On 30 September 2015, the first day of the Russian military intervention in the Syrian Civil War, 2 Russian bombs with 8-10 submunitions struck the group's headquarters and arms depots in a cave in the village of Al-Lataminah in northern Hama.

During the 2016 Hama offensive in September 2016, Jaysh al-Izza used a BGM-71 TOW missile to blow up a low-flying  Aérospatiale Gazelle helicopter, which they alleged to be Russian.
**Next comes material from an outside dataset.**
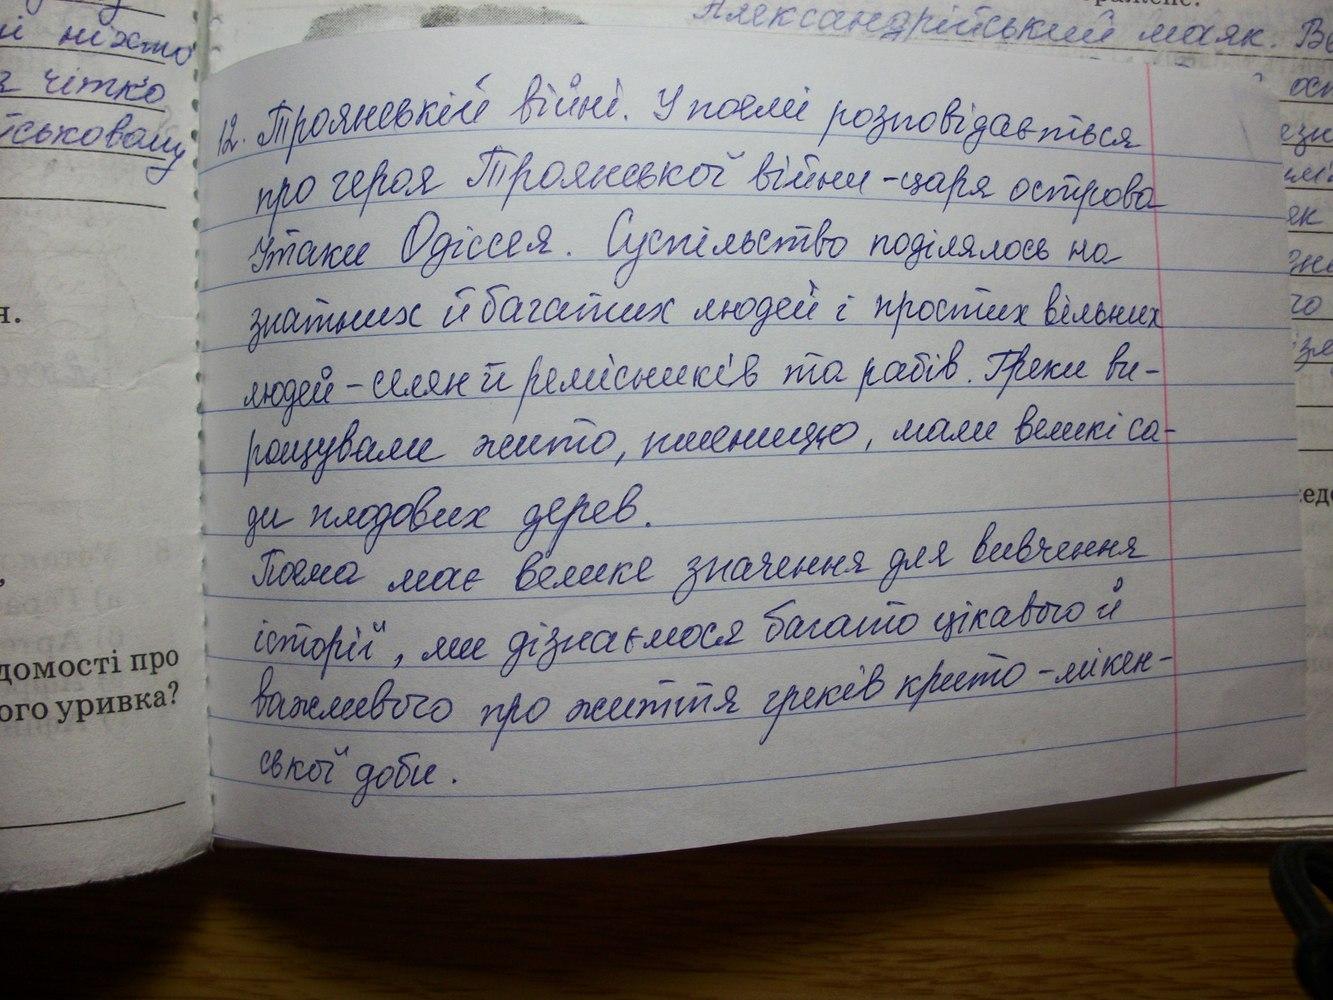 ГДЗ рабочие тетради 6 класс. Задание: стр. 26 (2)
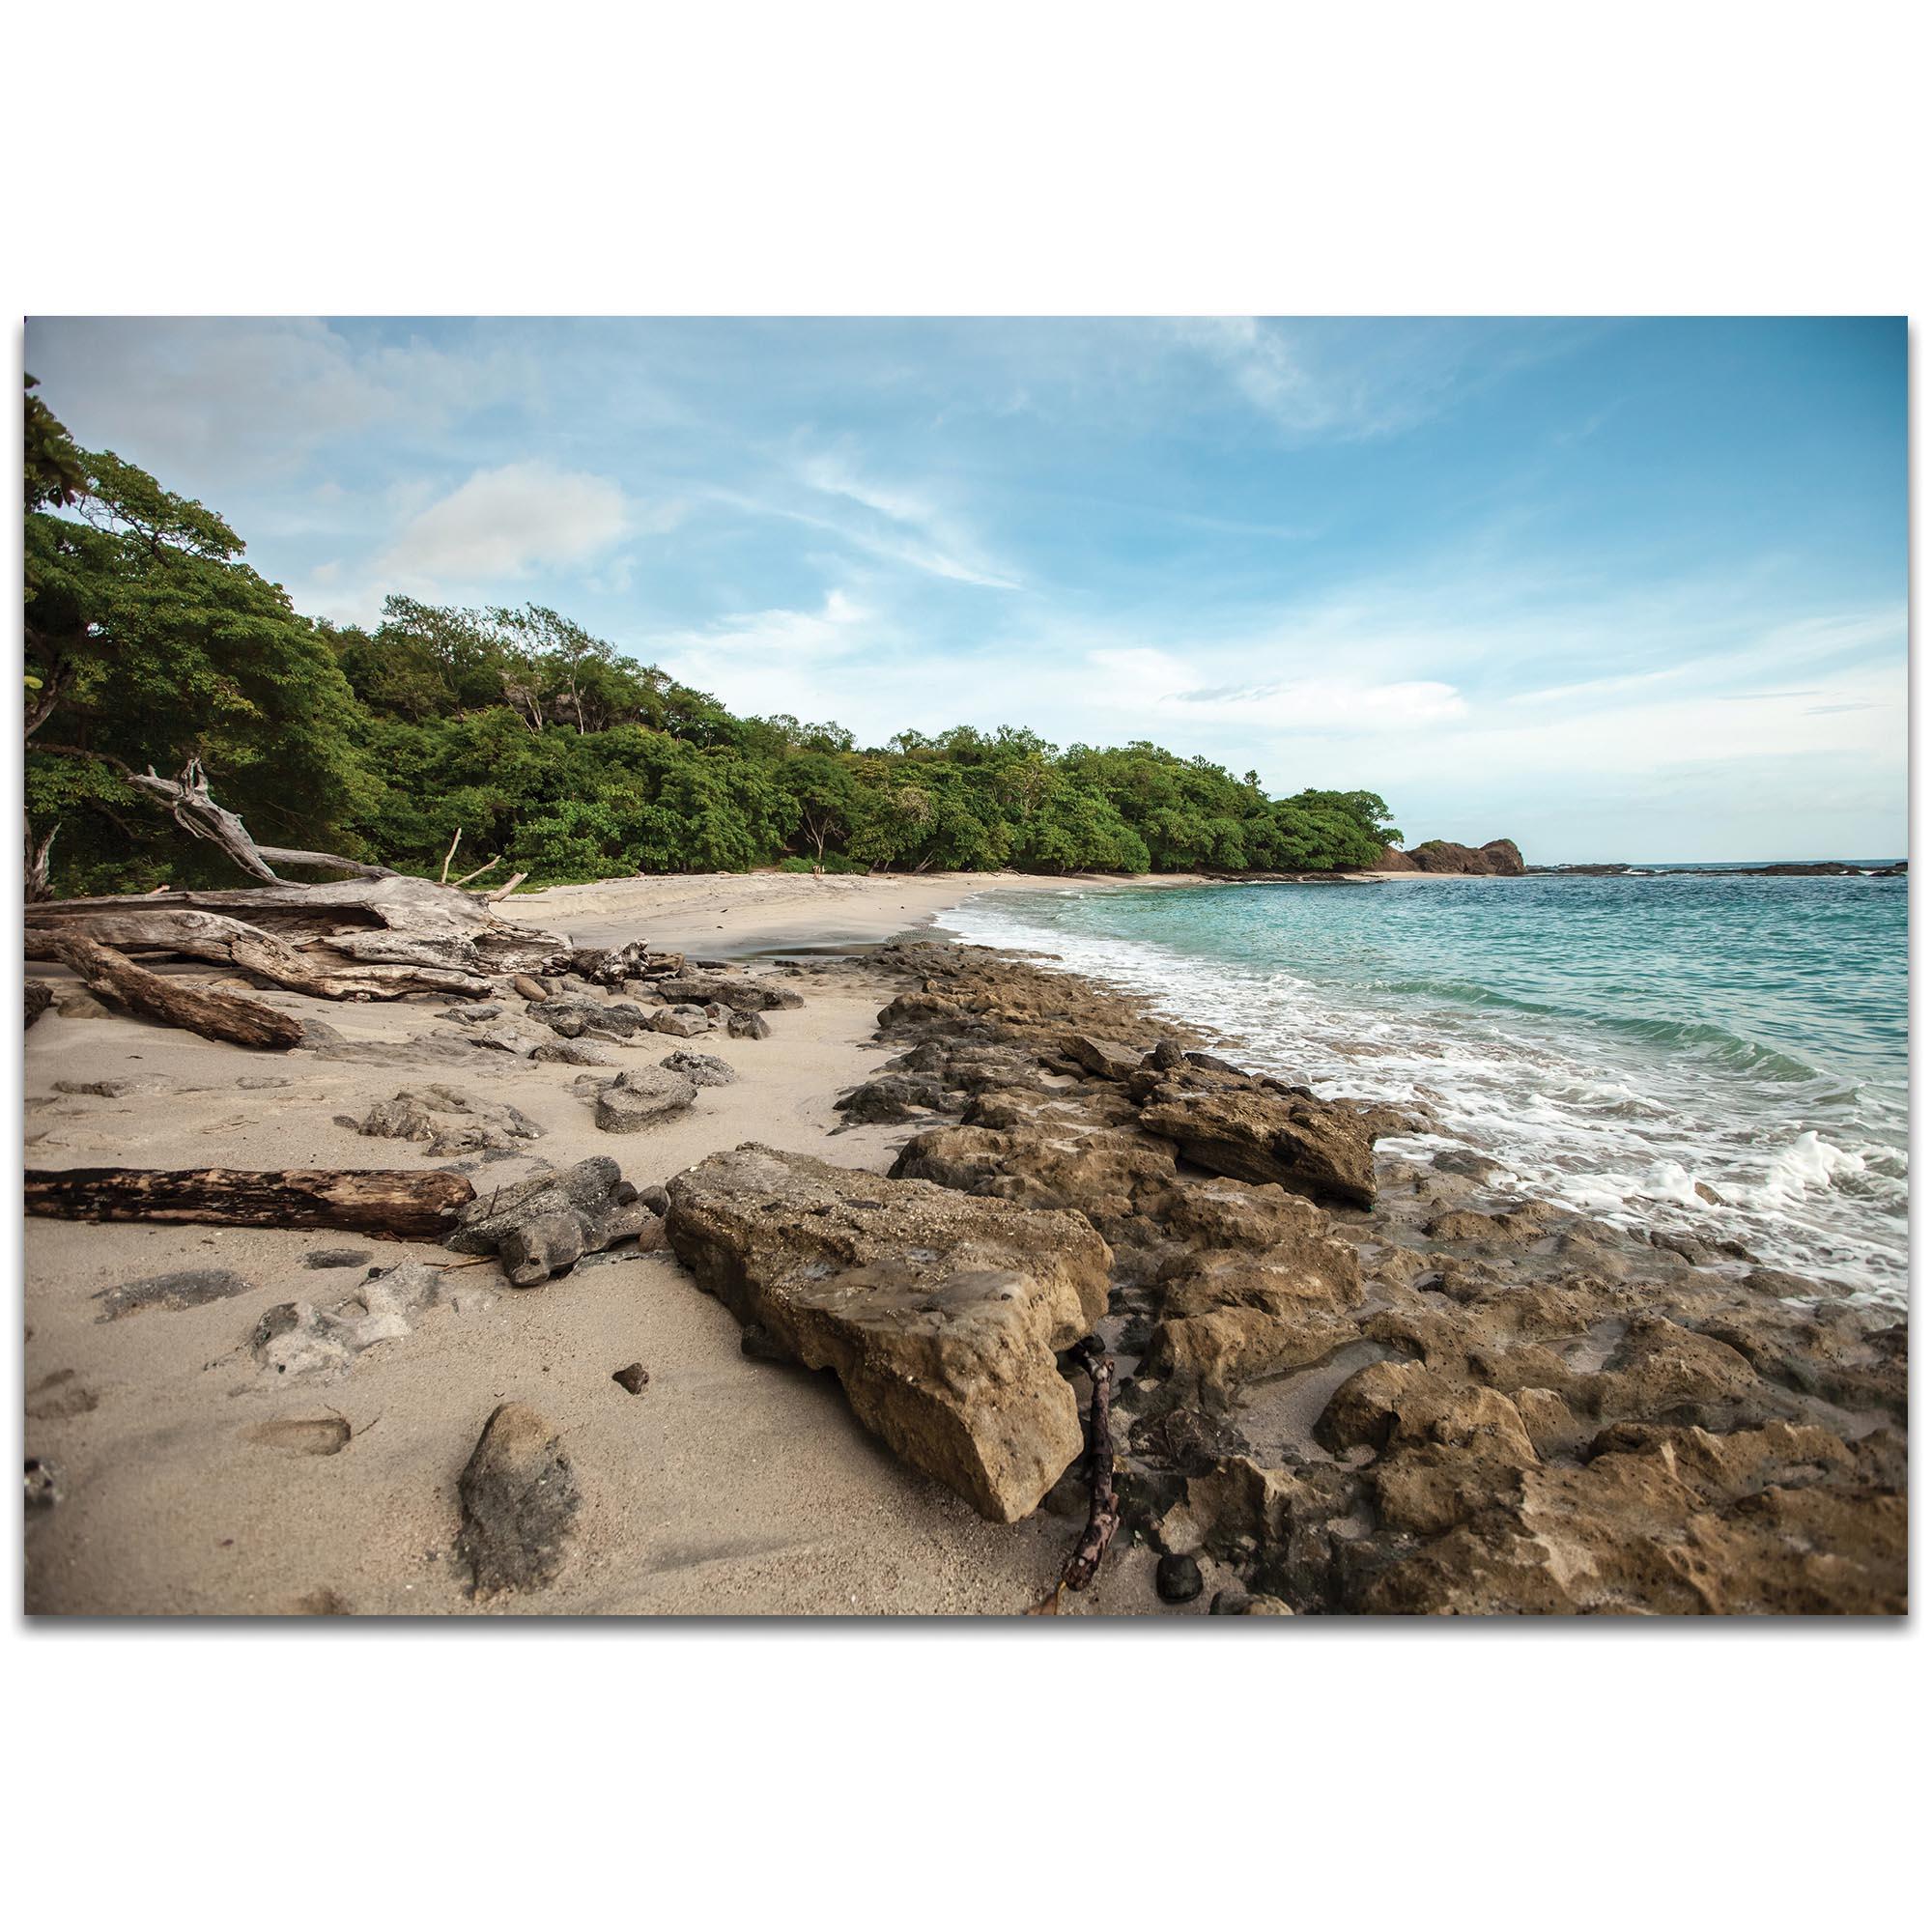 Coastal Wall Art metal art studio - tropical junglemeirav levy - coastal wall

In September 2018, Jaysh al-Izza originally accepted the 2018 Idlib demilitarization brokered by Russia and Turkey, with the group's leadership extending their gratitude to the Turkish President Erdoğan for coordinating the agreement. The group later became hostile to the agreement, however, after it was revealed that Syrian Government and other pro-Assad forces would not be required to withdraw from the DMZ and would instead be responsible for governing the opposition-held areas.

On June 8, 2019 Abdel Baset al-Sarout, a senior Jaysh al-Izza commander and key member of the Syrian opposition, died from the wounds he sustained during combat with the Syrian Army two days prior.

Following the 2017 Hama offensive, 2017-2018 Northwestern Syria campaign and the subsequent 2019 National Front for Liberation–Tahrir al-Sham conflict, the group's territorial control was confined to the areas around Kafr Zita and Al-Lataminah. Those areas were subsequently captured by the Syrian Army in the 2019 Northwestern Syria offensive, after Jaysh al-Izza, among other rebel groups, withdrew from the region to avoid being encircled by government forces.

On 11 August 2019, Jamil al-Saleh retired as commander-in-chief of the group, citing "personal matters." He was replaced by Col. Mustafa al-Bakour. At some point Saleh returned to the group.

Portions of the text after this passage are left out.